▶ **TRY IT**
The result should be an exact copy of every record, with no pictures kept.

▶ **PROVIDED INFORMATION**

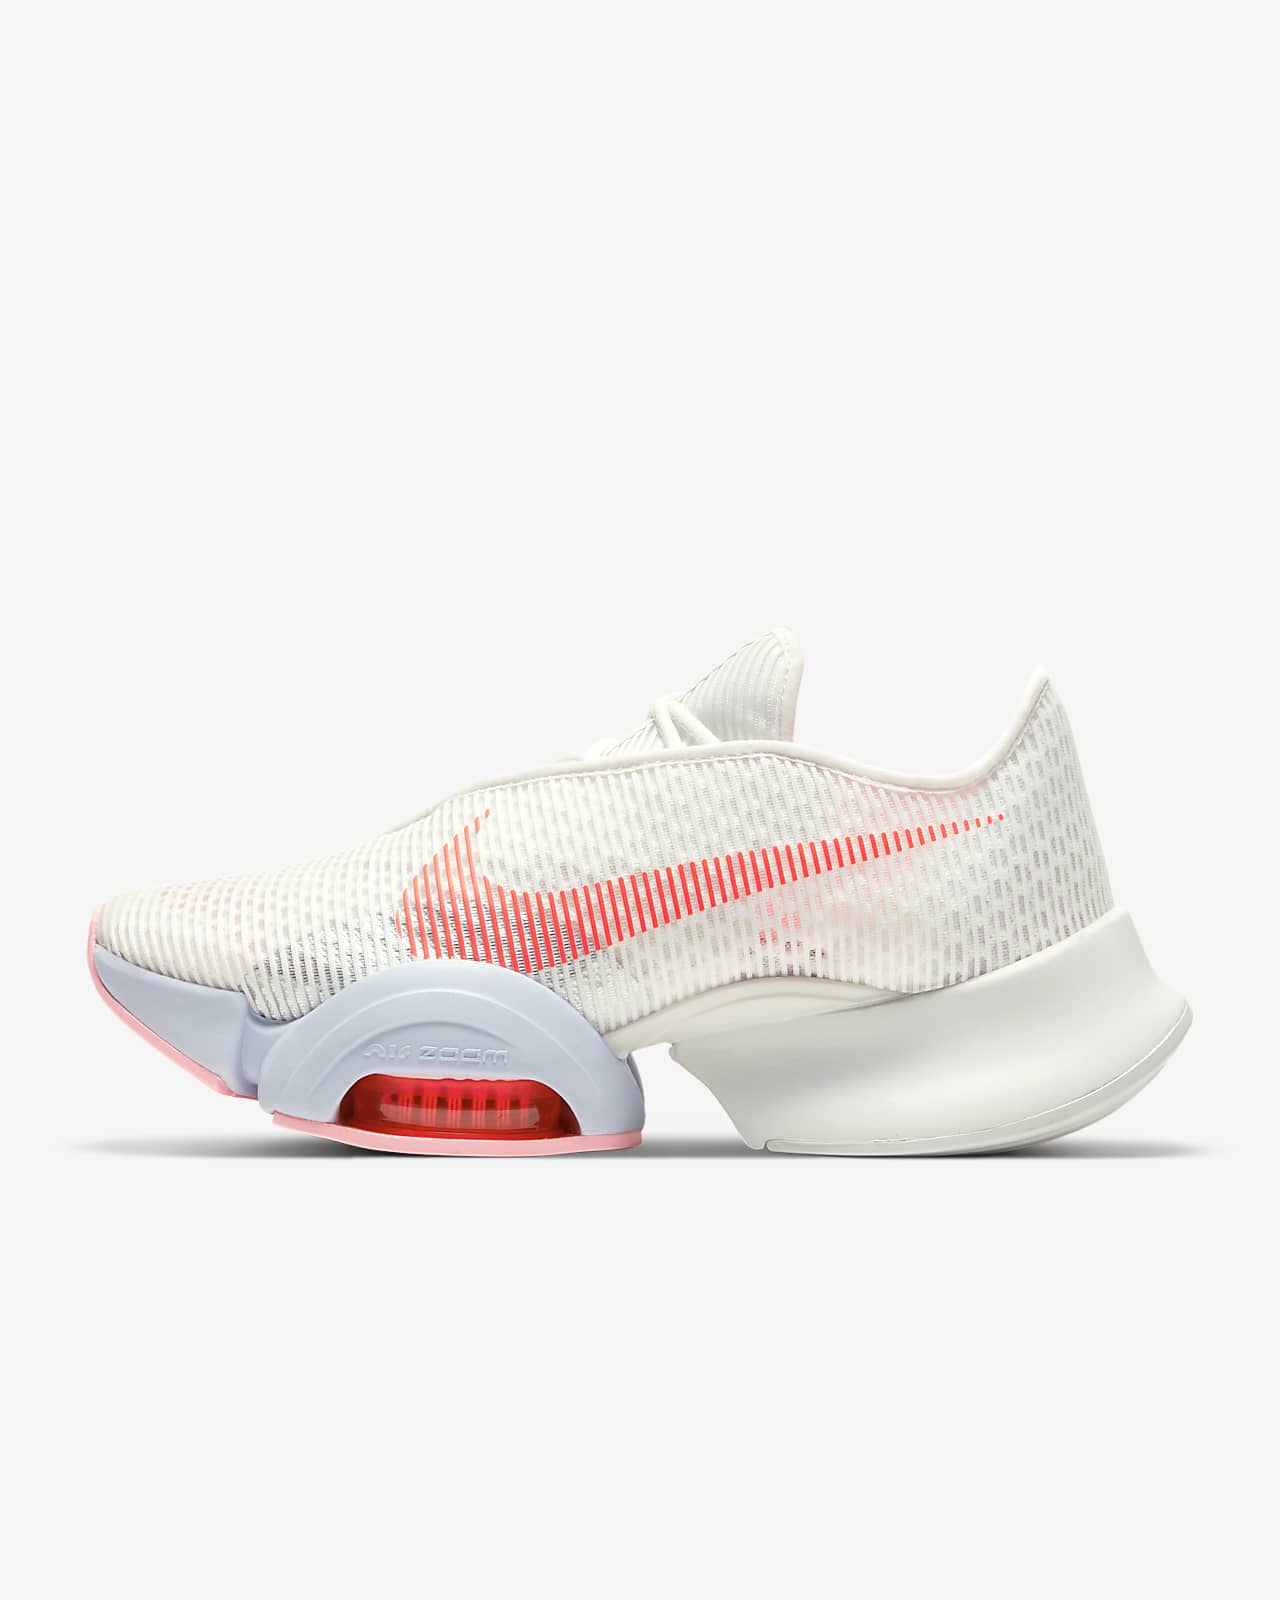 nike hiit shoes
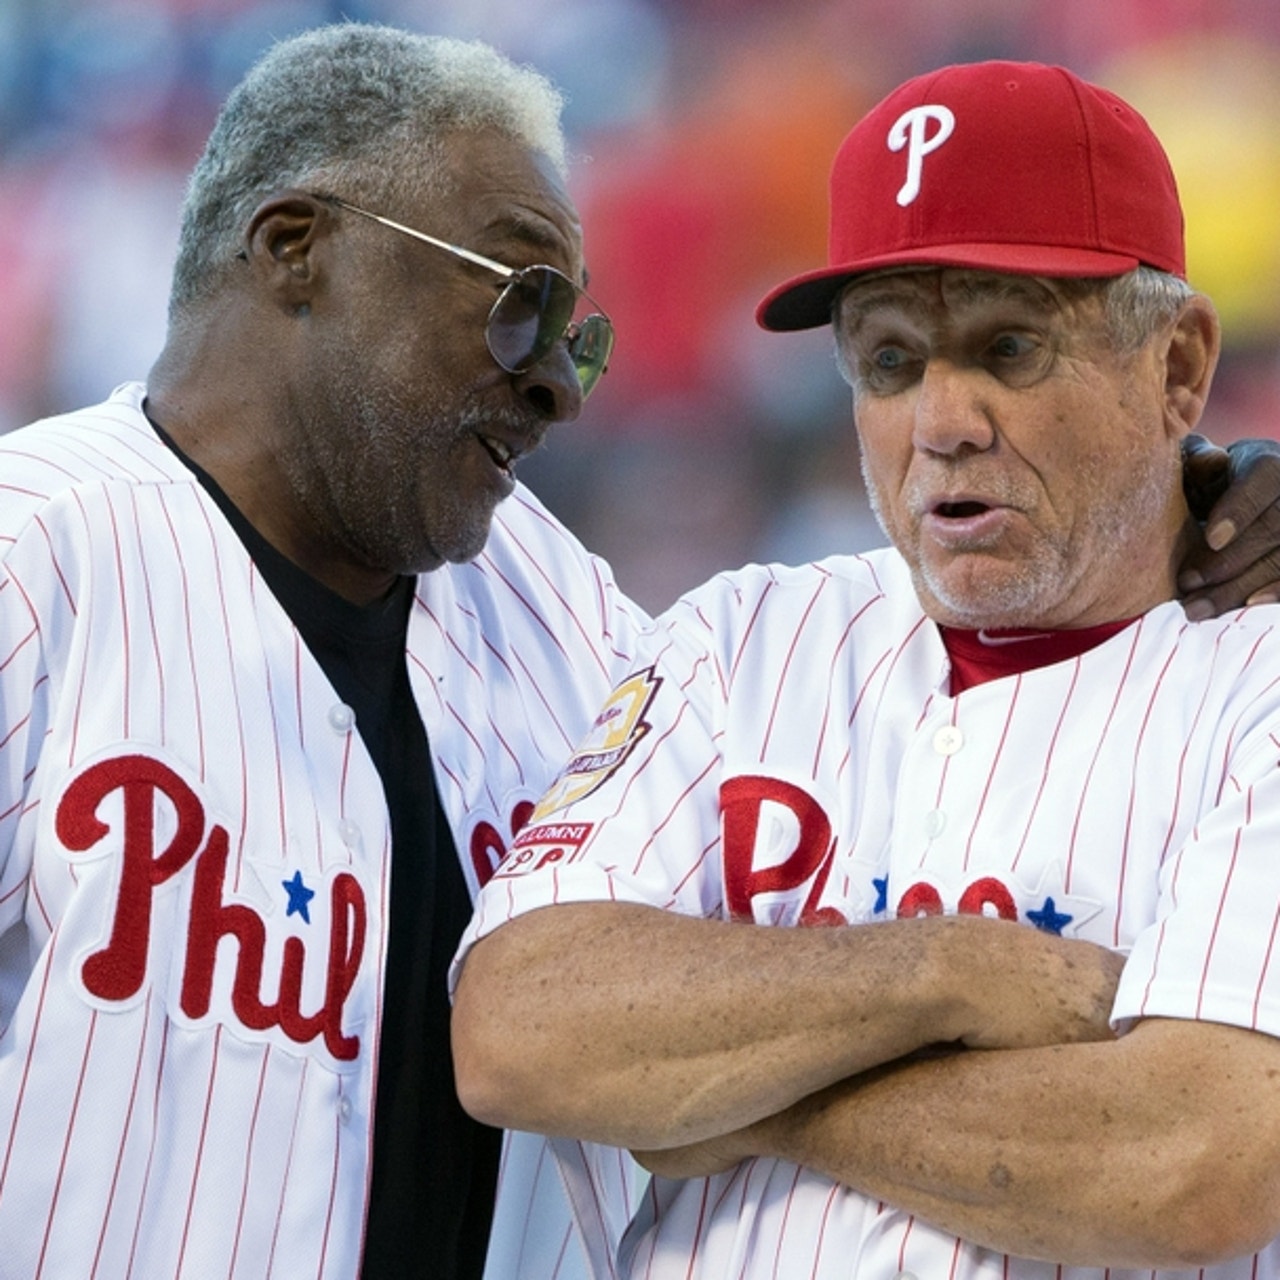 Phillies: Larry Bowa Spills the Beans on Phillies Trade
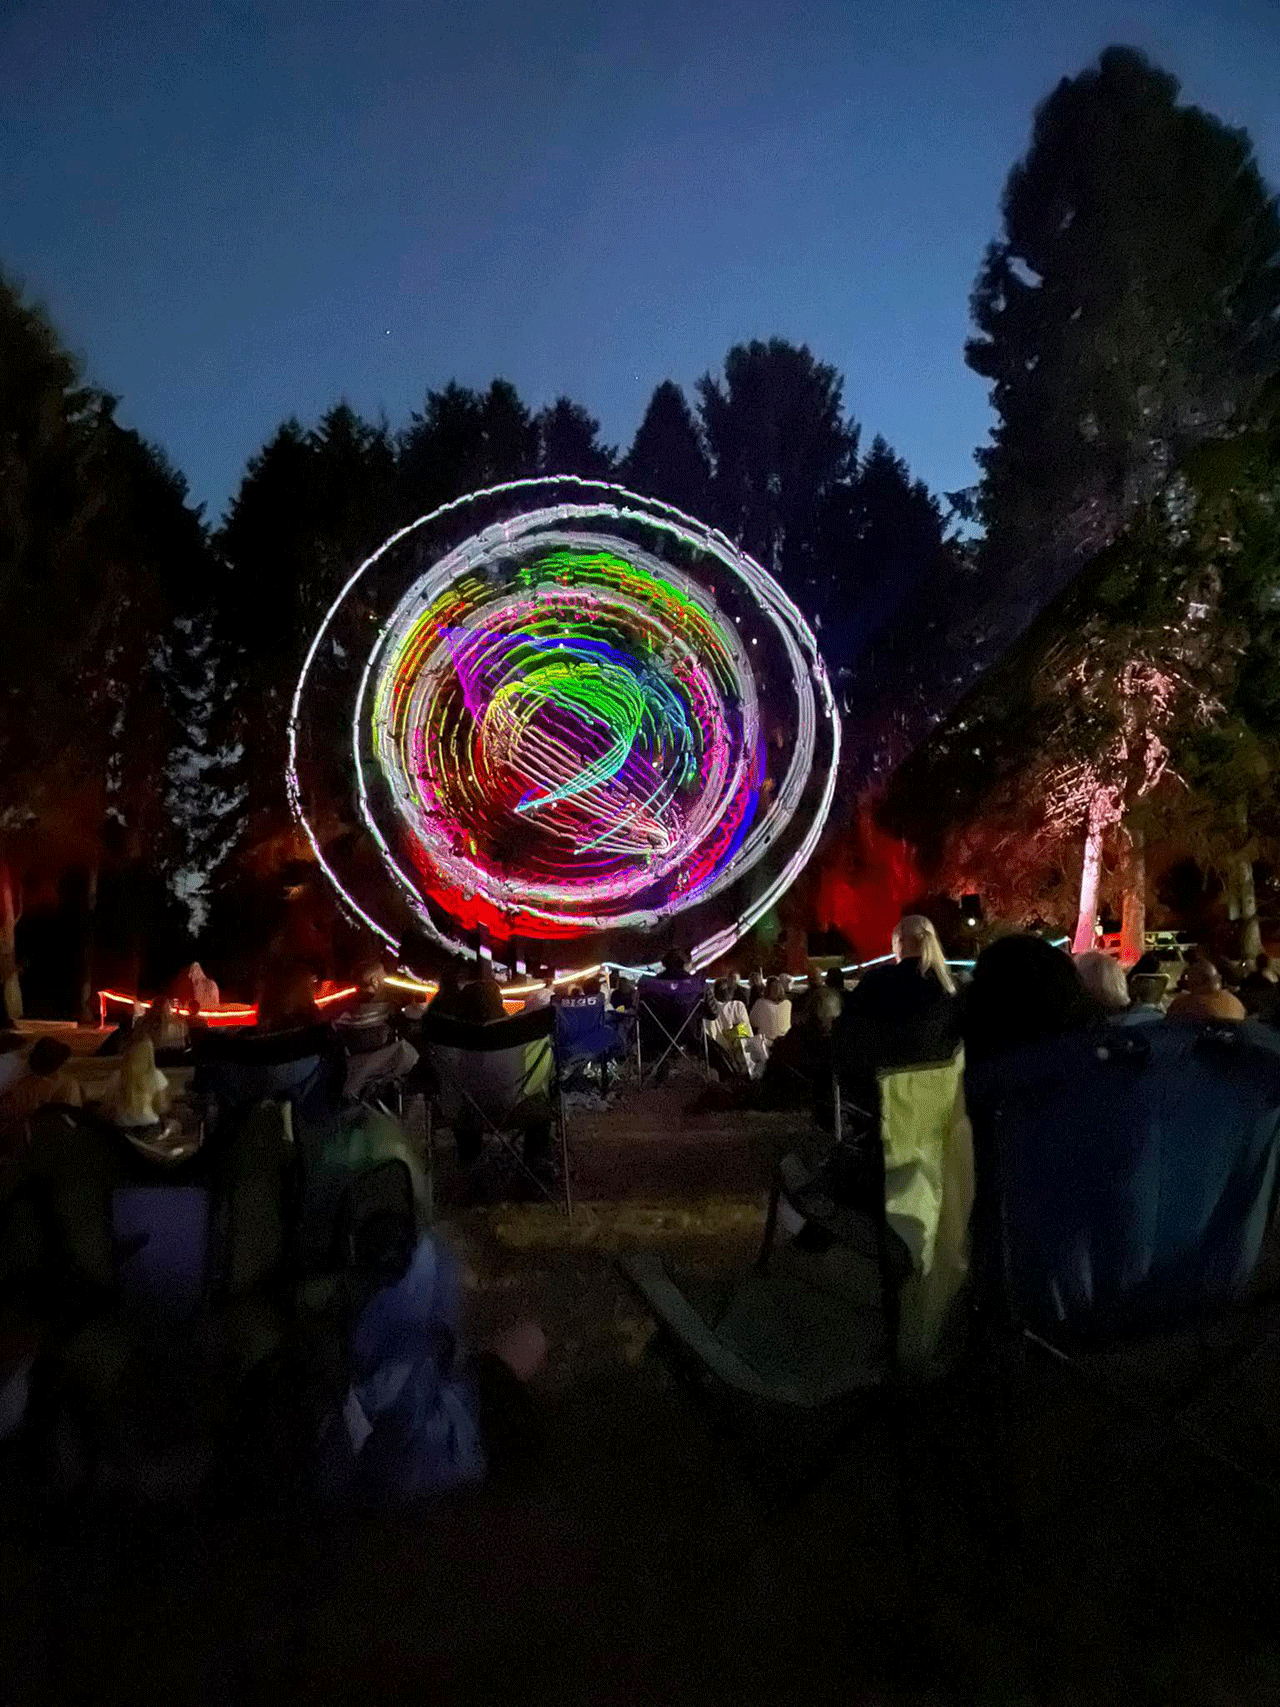 (Laura Jean Walls-Fisher Photo)
Hundreds attended “Liquid Light” on July 4.
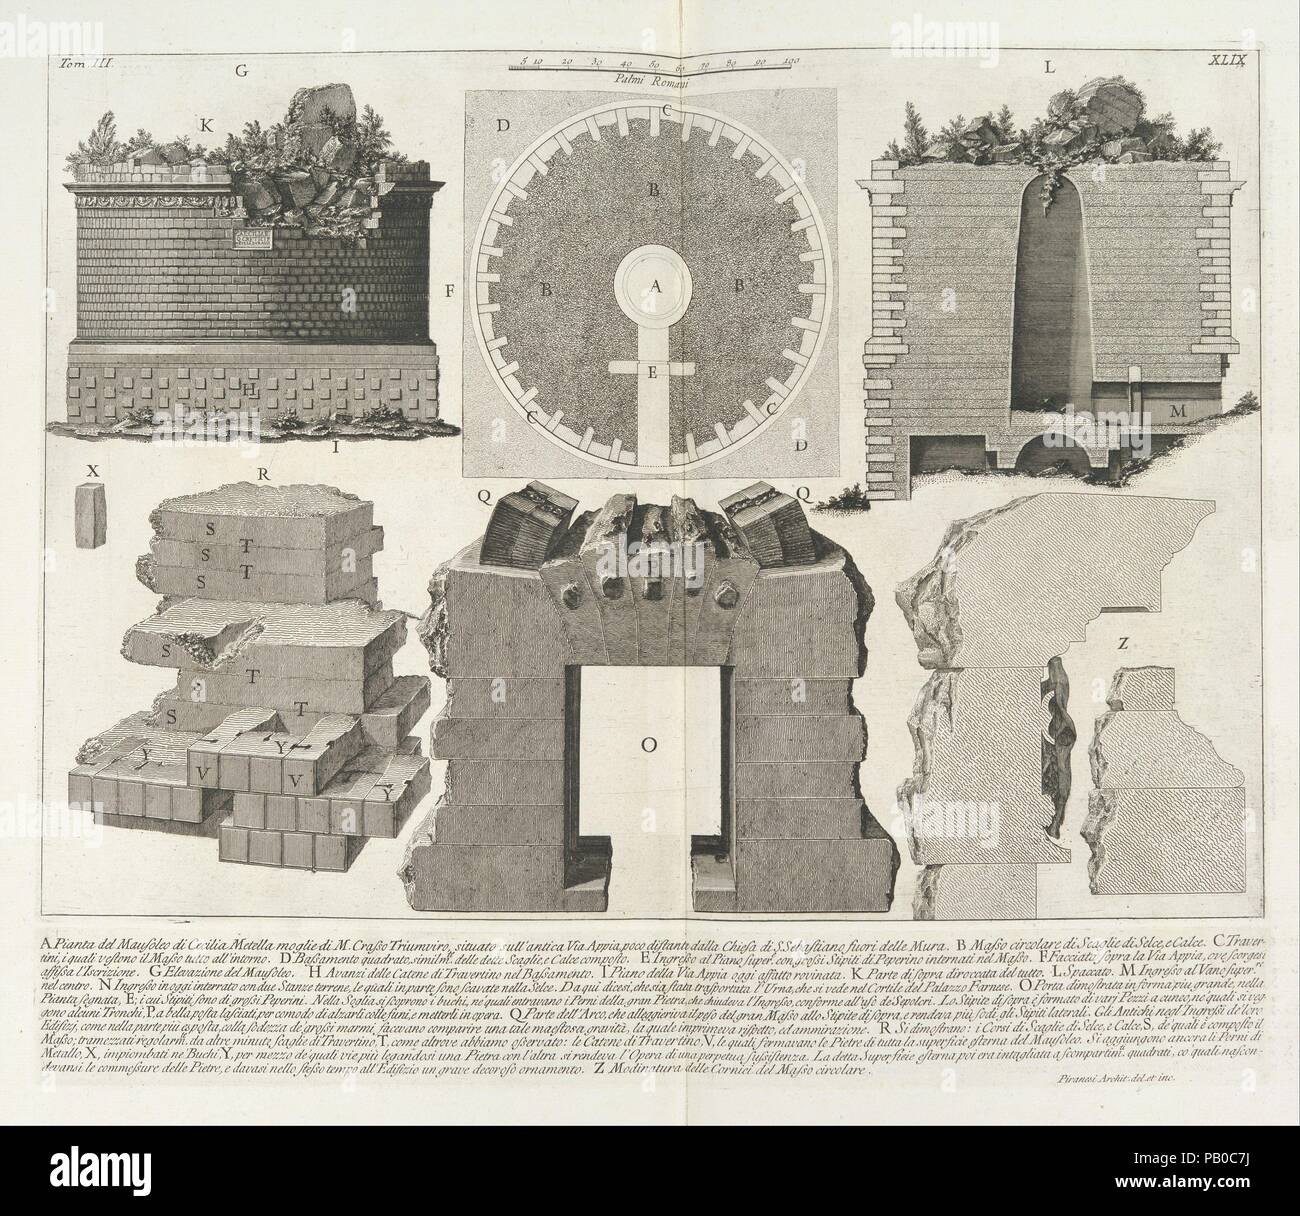 Plan of the Mausoleum of Caecilia Metella, wife of the Triumvir Marcus Crassus...,  from Le Antichità Romane (Roman Antiquities), tome 3, tavola 49. Artist: Giovanni Battista Piranesi (Italian, Mogliano Veneto 1720-1778 Rome). Dimensions: Sheet: 21 1/4 x 30 5/16 in. (54 x 77 cm)  Plate: 17 5/16 x 20 1/2 in. (44 x 52 cm). Publisher: Angelo Rotili. Series/Portfolio: Le Antichità Romane, tome 3. Date: published 1756-57.  While Piranesi's 'Vedute' record the present appearance of the relics of antiquity, he also dug deeper, investigating the engineering feats of the ancient Romans and attempting t Stock Photo

▶ **SOLUTION TO THIS EXERCISE**
 nike hiit shoes
 Phillies: Larry Bowa Spills the Beans on Phillies Trade
 (Laura Jean Walls-Fisher Photo)
Hundreds attended “Liquid Light” on July 4.
 Plan of the Mausoleum of Caecilia Metella, wife of the Triumvir Marcus Crassus...,  from Le Antichità Romane (Roman Antiquities), tome 3, tavola 49. Artist: Giovanni Battista Piranesi (Italian, Mogliano Veneto 1720-1778 Rome). Dimensions: Sheet: 21 1/4 x 30 5/16 in. (54 x 77 cm)  Plate: 17 5/16 x 20 1/2 in. (44 x 52 cm). Publisher: Angelo Rotili. Series/Portfolio: Le Antichità Romane, tome 3. Date: published 1756-57.  While Piranesi's 'Vedute' record the present appearance of the relics of antiquity, he also dug deeper, investigating the engineering feats of the ancient Romans and attempting t Stock Photo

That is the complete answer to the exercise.